Short film aims to 'spark' careers for women in STEM

- Sometimes it takes only one moment to inspire a young person for the rest of his or her life. 

In the Twin Cities, a group called “Spark” is hoping to spur those moments through a short film anyone can watch online. 

The five-minute film is called “Spark Moments” and the goal is to prove that careers in STEM are open to anyone, especially women. It only takes that little spark. 

“I just want a lot of girls to see it and feel inspired, feel encouraged, and see that they have a place and that they belong. They belong on the screen, they belong in these fields, and they can pursue their dreams,” said Spark Director and Producer Maribeth Romslo.

The film features the stories of five female pioneers in STEM. They are portrayed by actresses, showing younger versions of themselves. 

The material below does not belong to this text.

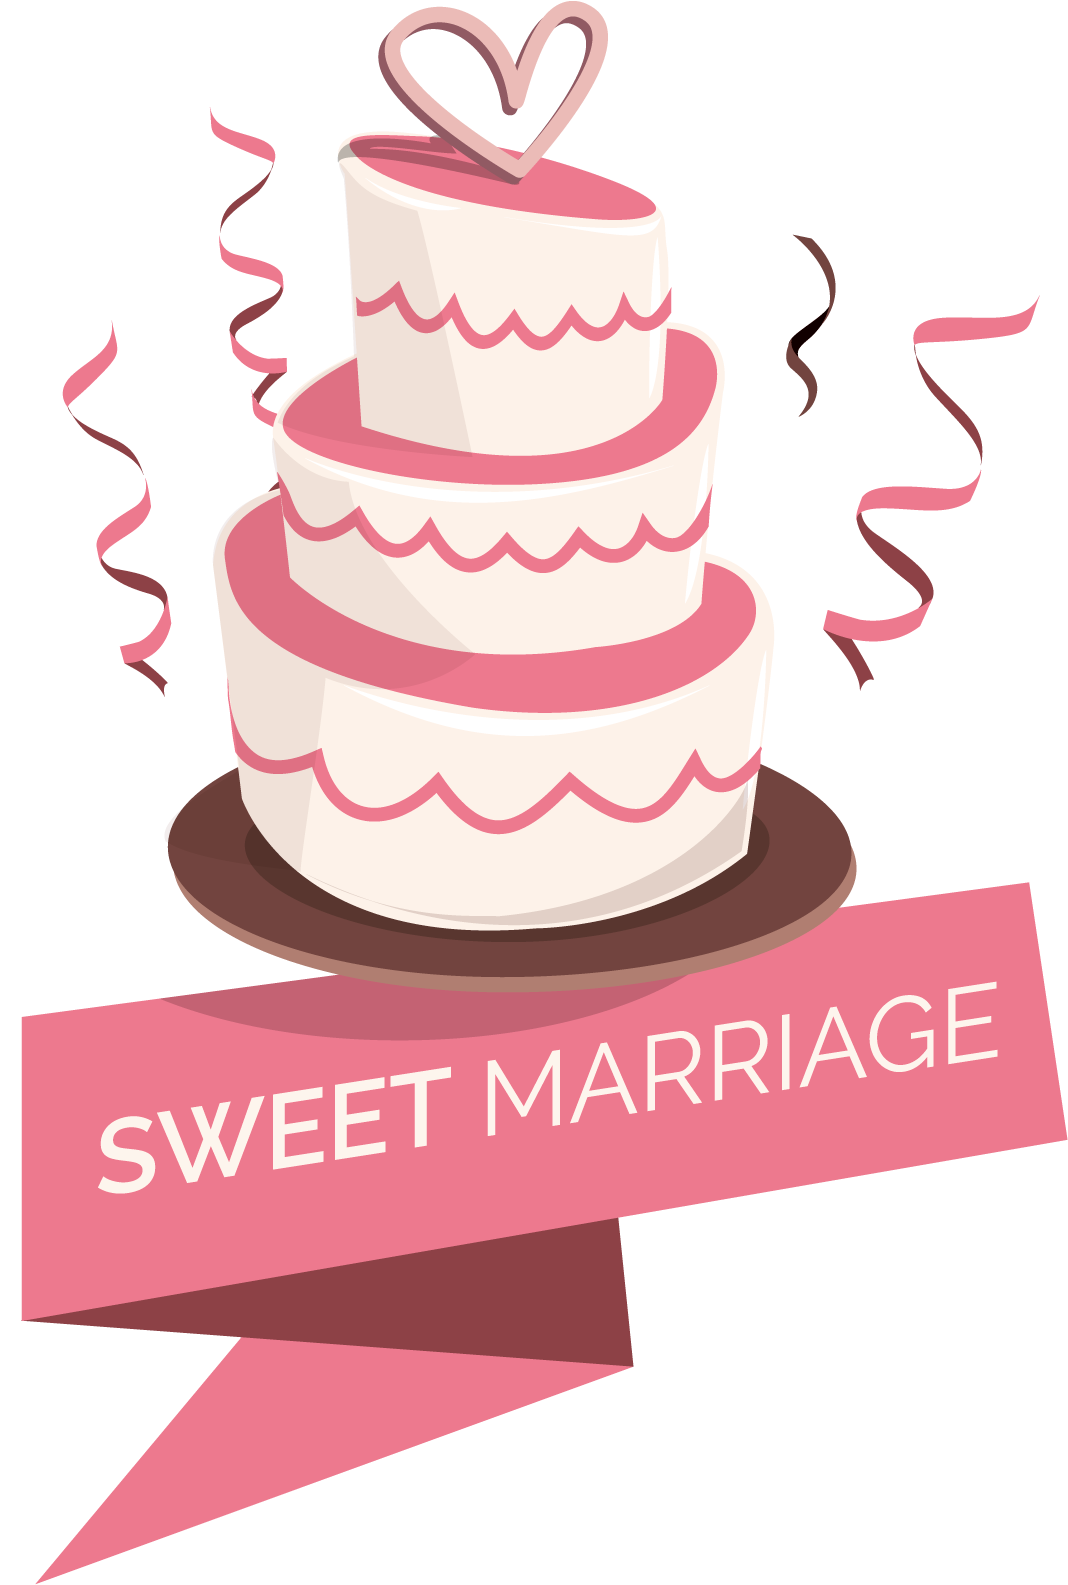 Sweet Marriage Cake Logo

Fourteen-year-old Harper Yang is a freshman at Edina High School. She was cast in the film this summer, which was shot over four days. 

“I play Amanda Phingbodhipakkiya and she is a scientist, but she's also with the arts,” Yang said. “A lot of people think that you can only be either, you're a math person or you're a music person. You're a visual artist or you do science. And it's not as concrete as that.”

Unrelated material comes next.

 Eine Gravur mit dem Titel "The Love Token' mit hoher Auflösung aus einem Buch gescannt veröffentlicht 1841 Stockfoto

Romslo crafted the film’s concept after interviewing women around the world. For each woman, she learned there was a single moment that changed everything.

“We kind of meet them on their journey at a point where they felt encouraged or inspired or they had that spark of realization that they wanted to do something in STEM,” Romslo said.

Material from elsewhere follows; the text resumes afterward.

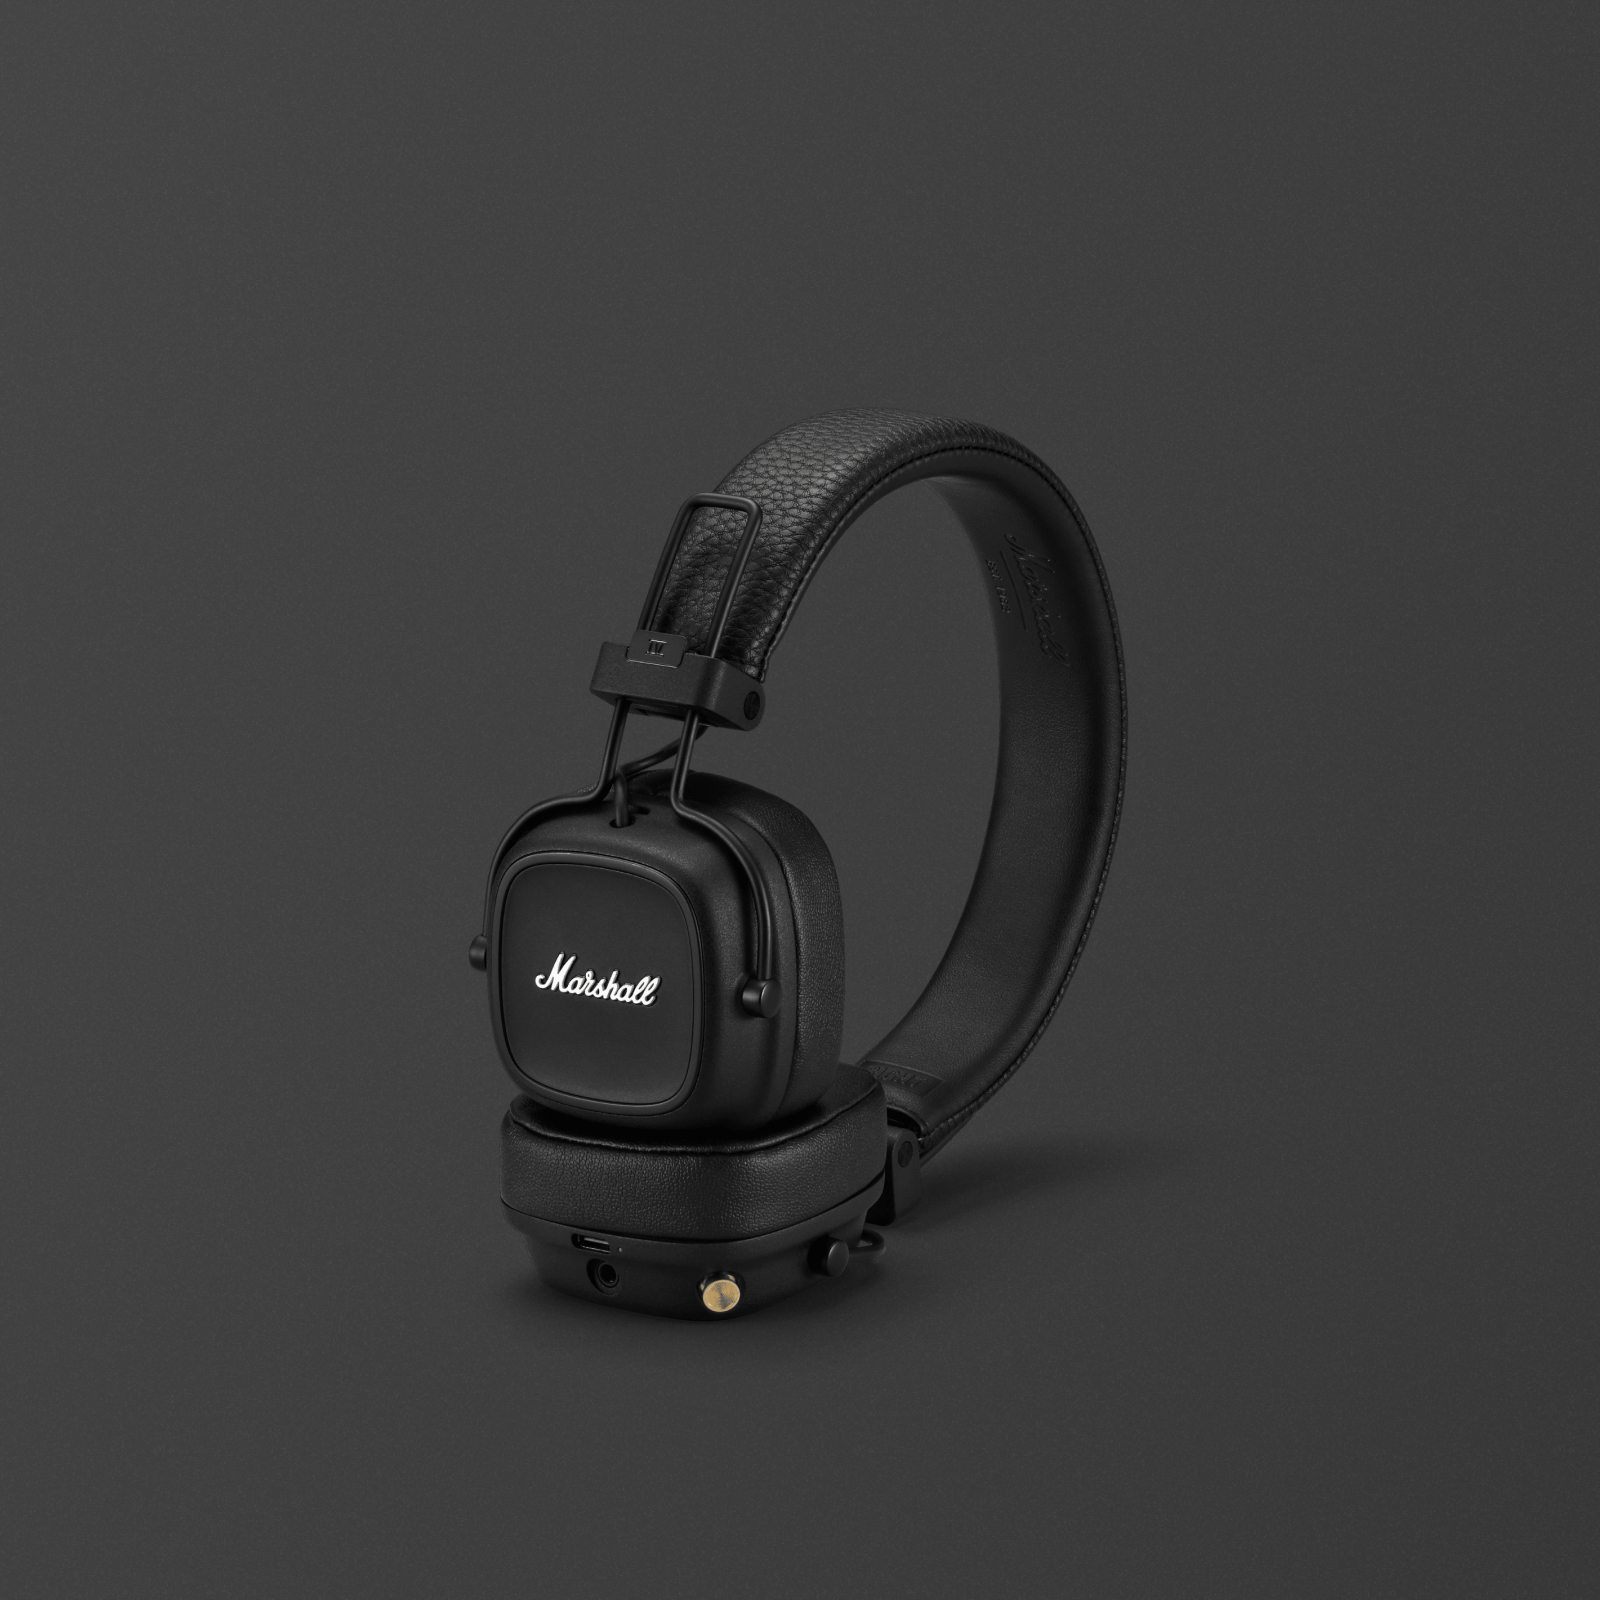 Marshall MAJOR IV BLACK headphones on a black background.

Every scene was shot in the Twin Cities, including a library scene at the James J. Hill Center in downtown St. Paul. 

Romslo calls the song in the film an “anthem.” It is called “Bright,” written and performed by local singer and songwriter Lisa McGuire. 

“Could I really be that big, or could I really be that extraordinary, and that's what the song is about,” McGuire said.

“I love the message of having women and children and girls just being inspired and encouraged to be a part of STEM, and that's not as usual as you see it in the media, but it's definitely growing and I love that,” Yang said.

“I think it's really important to see that people pioneer ahead of us and that they are blazing a trail for us, and that you can also blaze a trail for other girls behind you,” Romslo said.